TASK PROMPT: In the listing below, find the line that contains "Stardom Road 39: Utami" and the line that contains "Caloplaca (Polycauliona) verruculifera". Quote both and every line between them, exactly, and nothing more.

DATA EXTRACTS:

-----

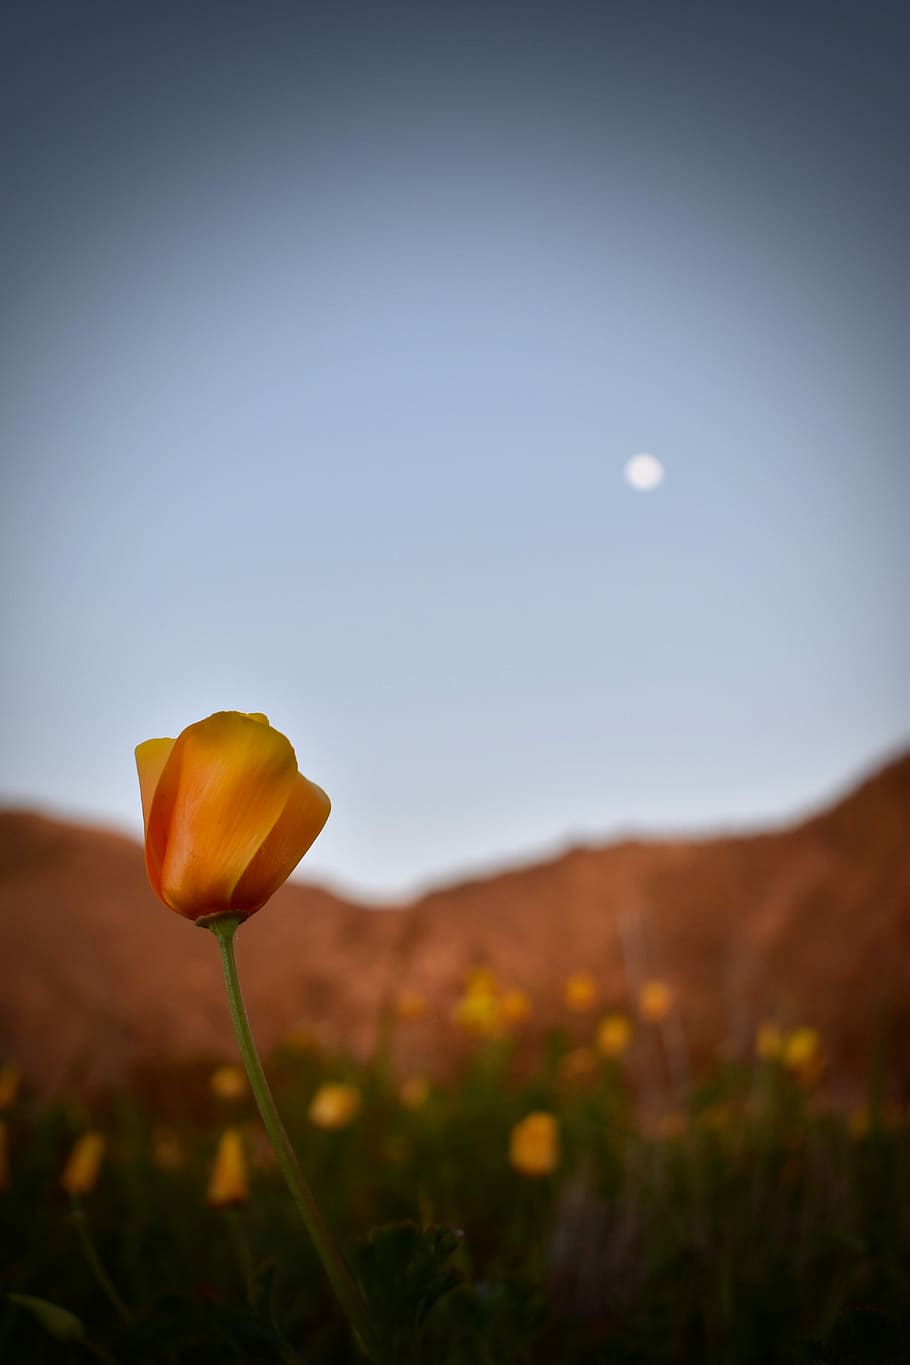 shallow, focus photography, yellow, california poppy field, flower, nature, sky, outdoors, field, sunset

-----

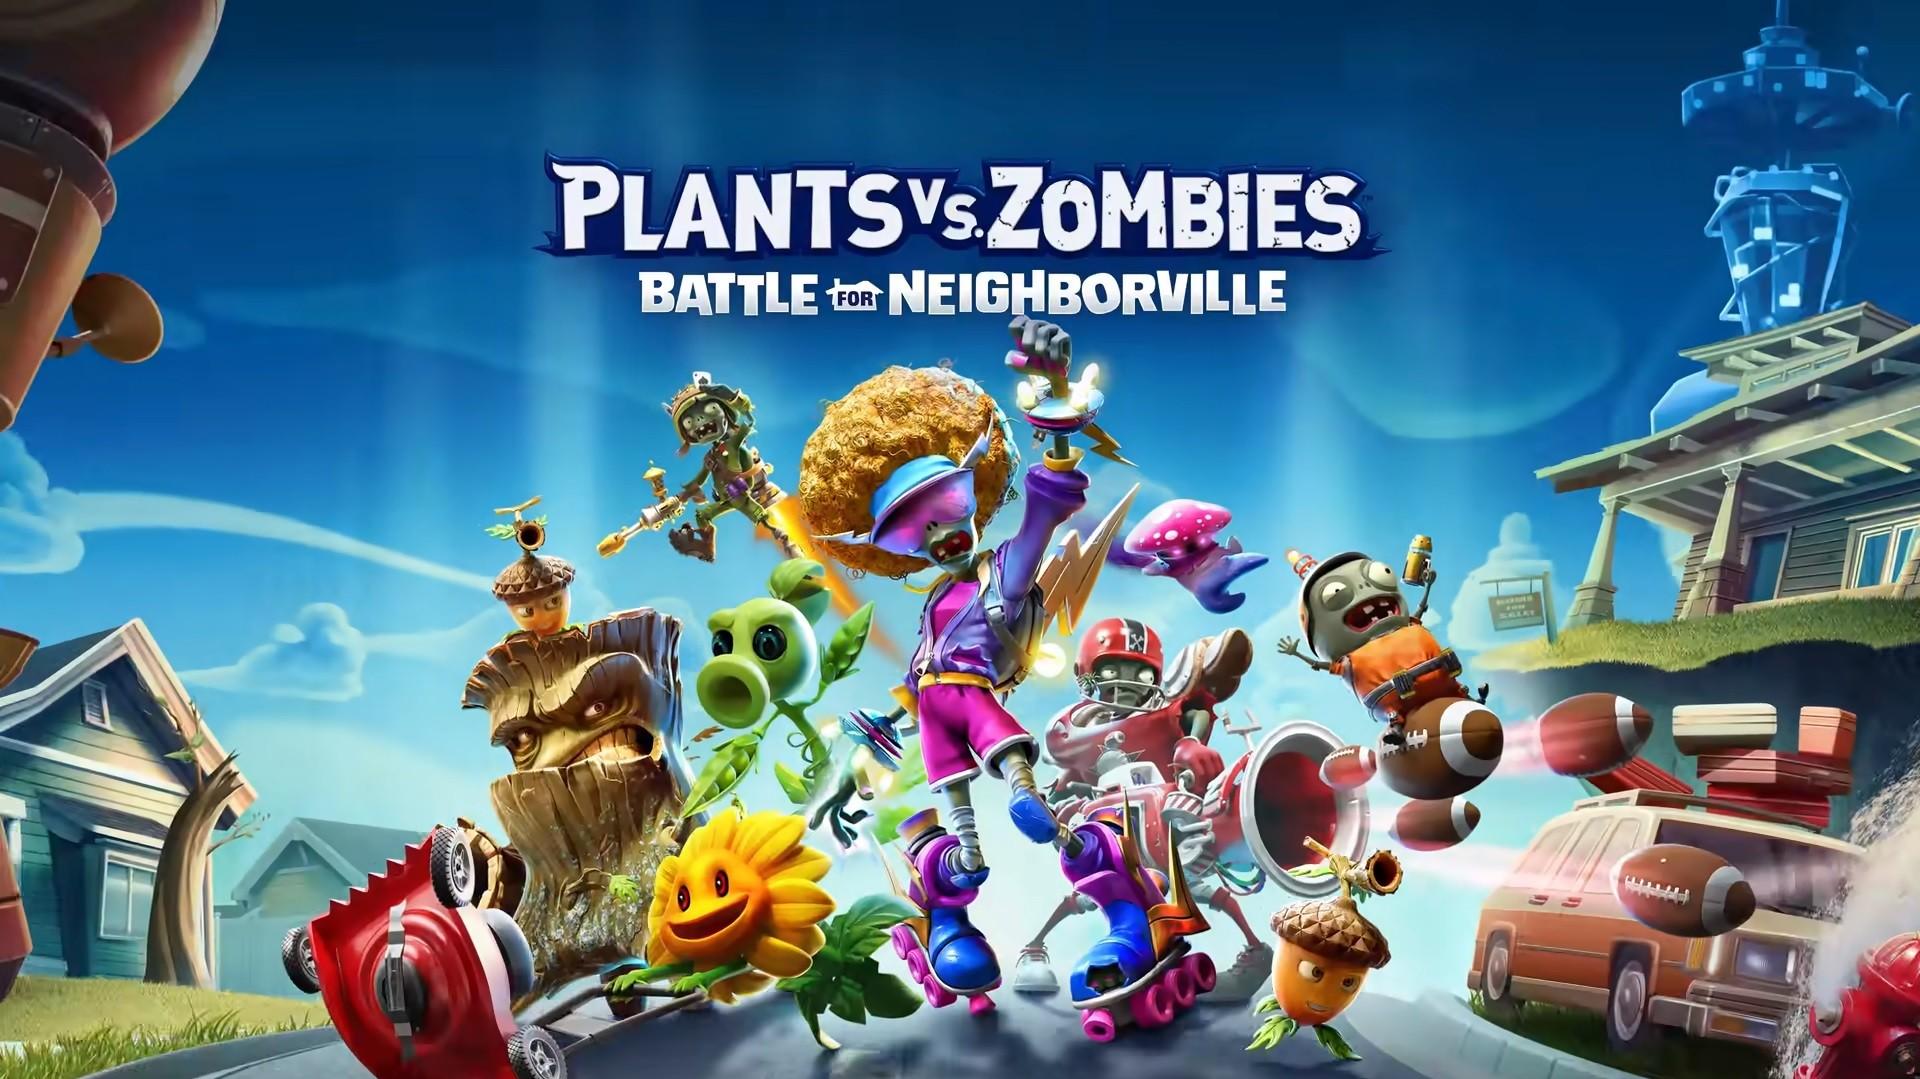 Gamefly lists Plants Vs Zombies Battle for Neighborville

-----

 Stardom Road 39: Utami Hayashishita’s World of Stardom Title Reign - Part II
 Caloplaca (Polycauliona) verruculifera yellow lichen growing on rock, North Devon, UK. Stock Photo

-----

ANSWER SPACE:
 Stardom Road 39: Utami Hayashishita’s World of Stardom Title Reign - Part II
 Caloplaca (Polycauliona) verruculifera yellow lichen growing on rock, North Devon, UK. Stock Photo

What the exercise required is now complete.